Pierre Louis Maupertuis was a French mathematician and man of letters. He is credited with having invented the principle of least action; his version is known as Maupertuis's principle. He was also a philosopher and his work in natural history touched upon a range of topics. He was the first President of the Prussian Academy of Science.
Born to a doctor, Gabriel Cramer showed an interest in math since childhood. He received his doctoral degree at 18 and was named the co-chair of the University of Geneva at 20. Known for his research on algebraic curves, he is also remembered for devising Cramer’s rule and Cramer’s paradox.
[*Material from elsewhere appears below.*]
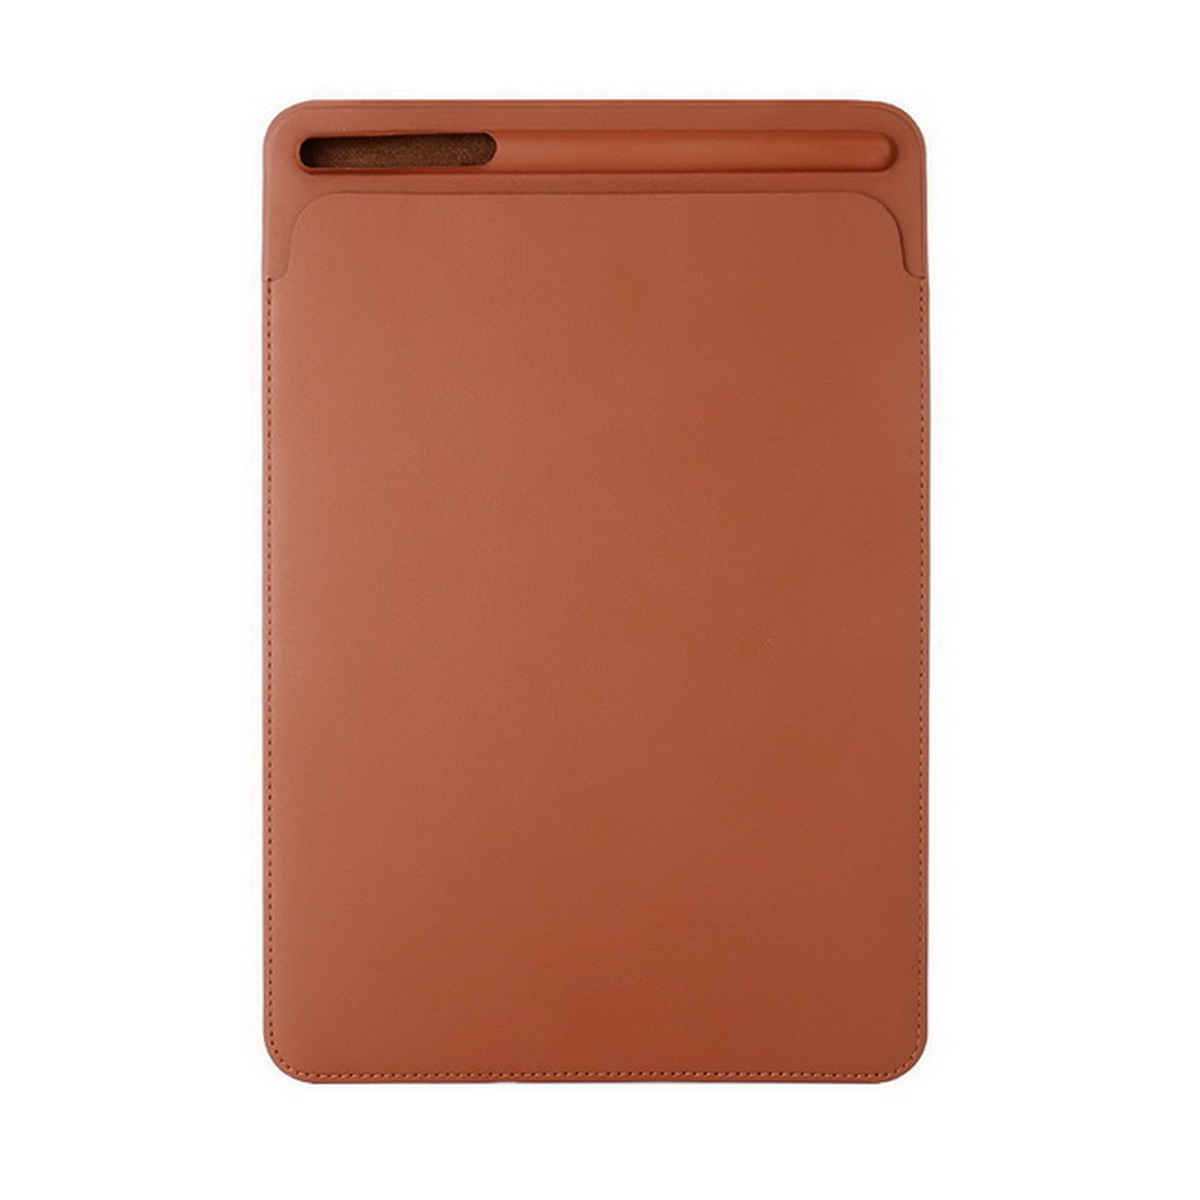 Lumi เคสสำหรับ iPad Pro (12.9",สีน้ำตาล) รุ่น CAS-TK110
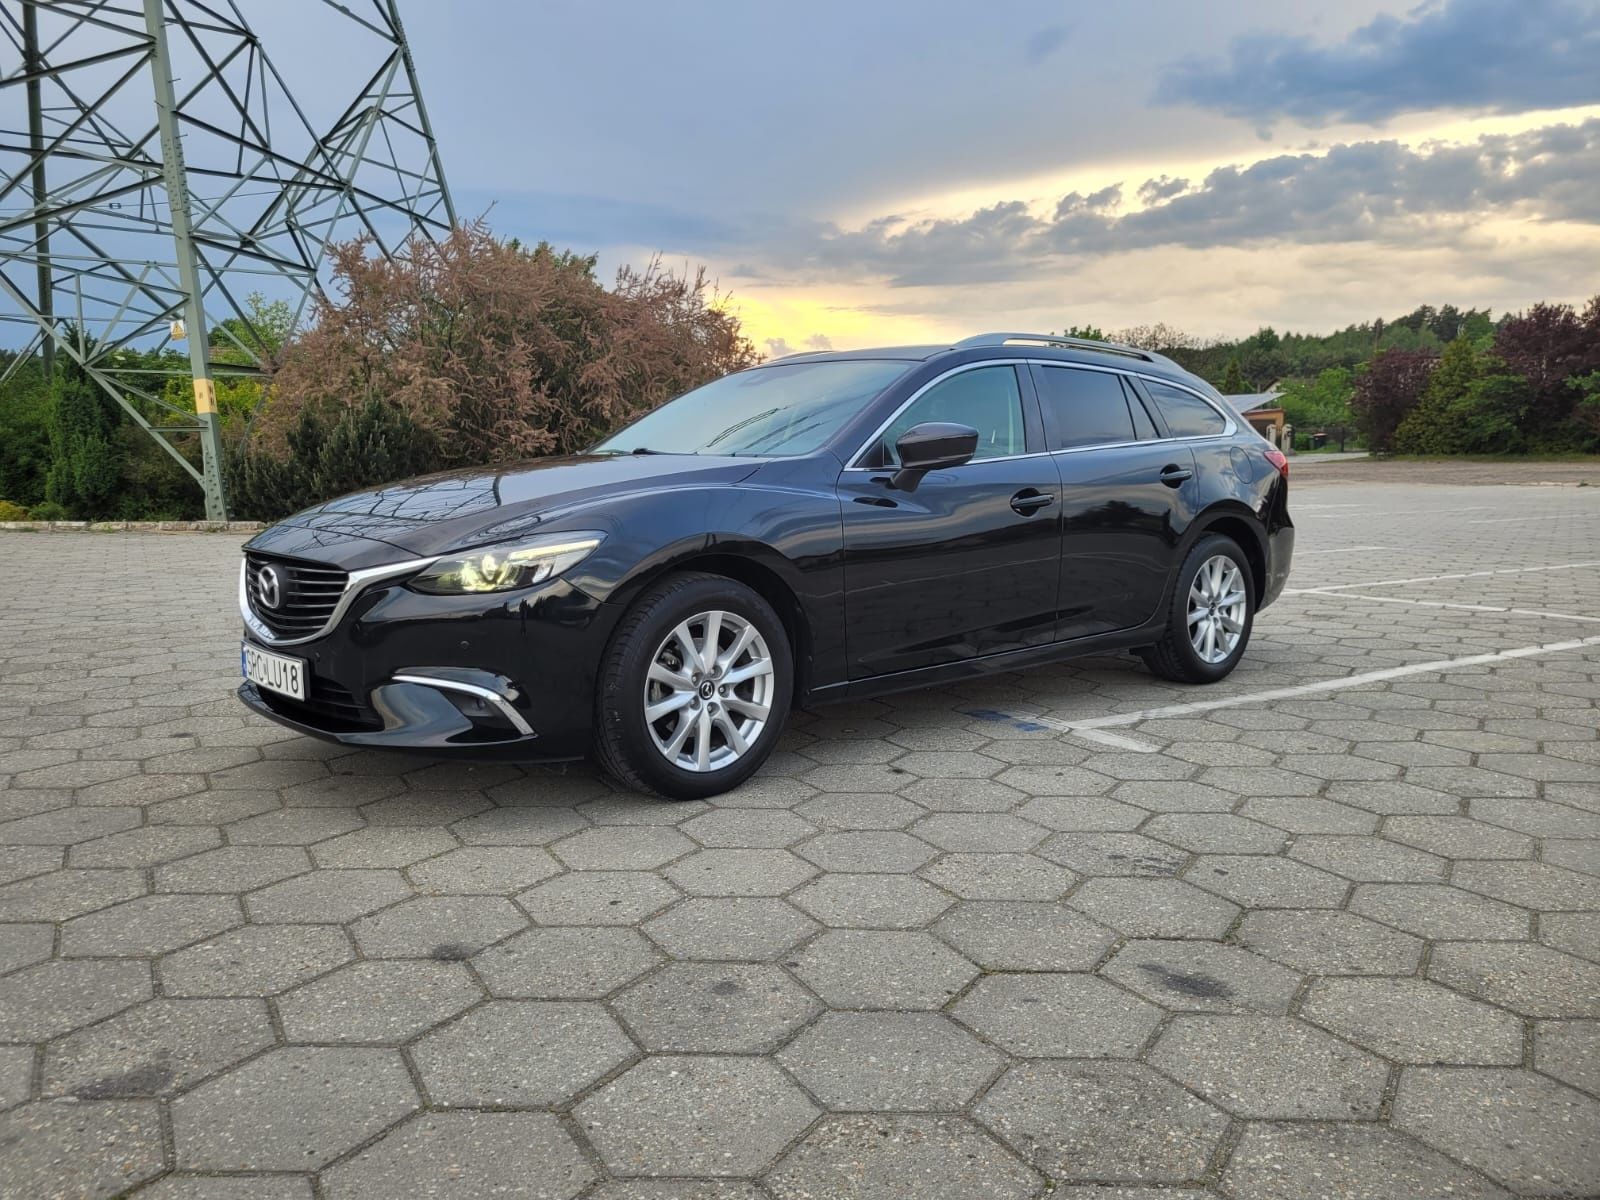 Mazda 6 niski przebieg 2.0 benzyna raport ADNA

Italian Theatine priest, astronomer and mathematician Giuseppe Piazzi discovered and identified the first asteroid Ceres at Palermo Astronomical Observatory that he established in Palermo, Sicily. He first demonstrated the large proper motion of the binary star system 61 Cygni in the constellation Cygnus. He also supervised compilation of the Palermo Catalogue of stars and completion of the Capodimonte (Naples) Observatory.
Seki Takakazu was a Japanese author and mathematician active during the Edo period. Referred to as Japan's Newton, Seki laid foundations for the ensuing development of Japanese mathematics. Seki Takakazu is also credited with creating a new algebraic notation system.
Dugald Stewart was a Scottish mathematician and philosopher best remembered for his efforts to popularize the works of Adam Smith and Francis Hutcheson. Considered one of the most prominent personalities of the Scottish Enlightenment, Stewart played a major role in explaining the Scottish Common Sense Realism. Among his students were Sir Walter Scott, Sir Archibald Alison, and Sir James Mackintosh.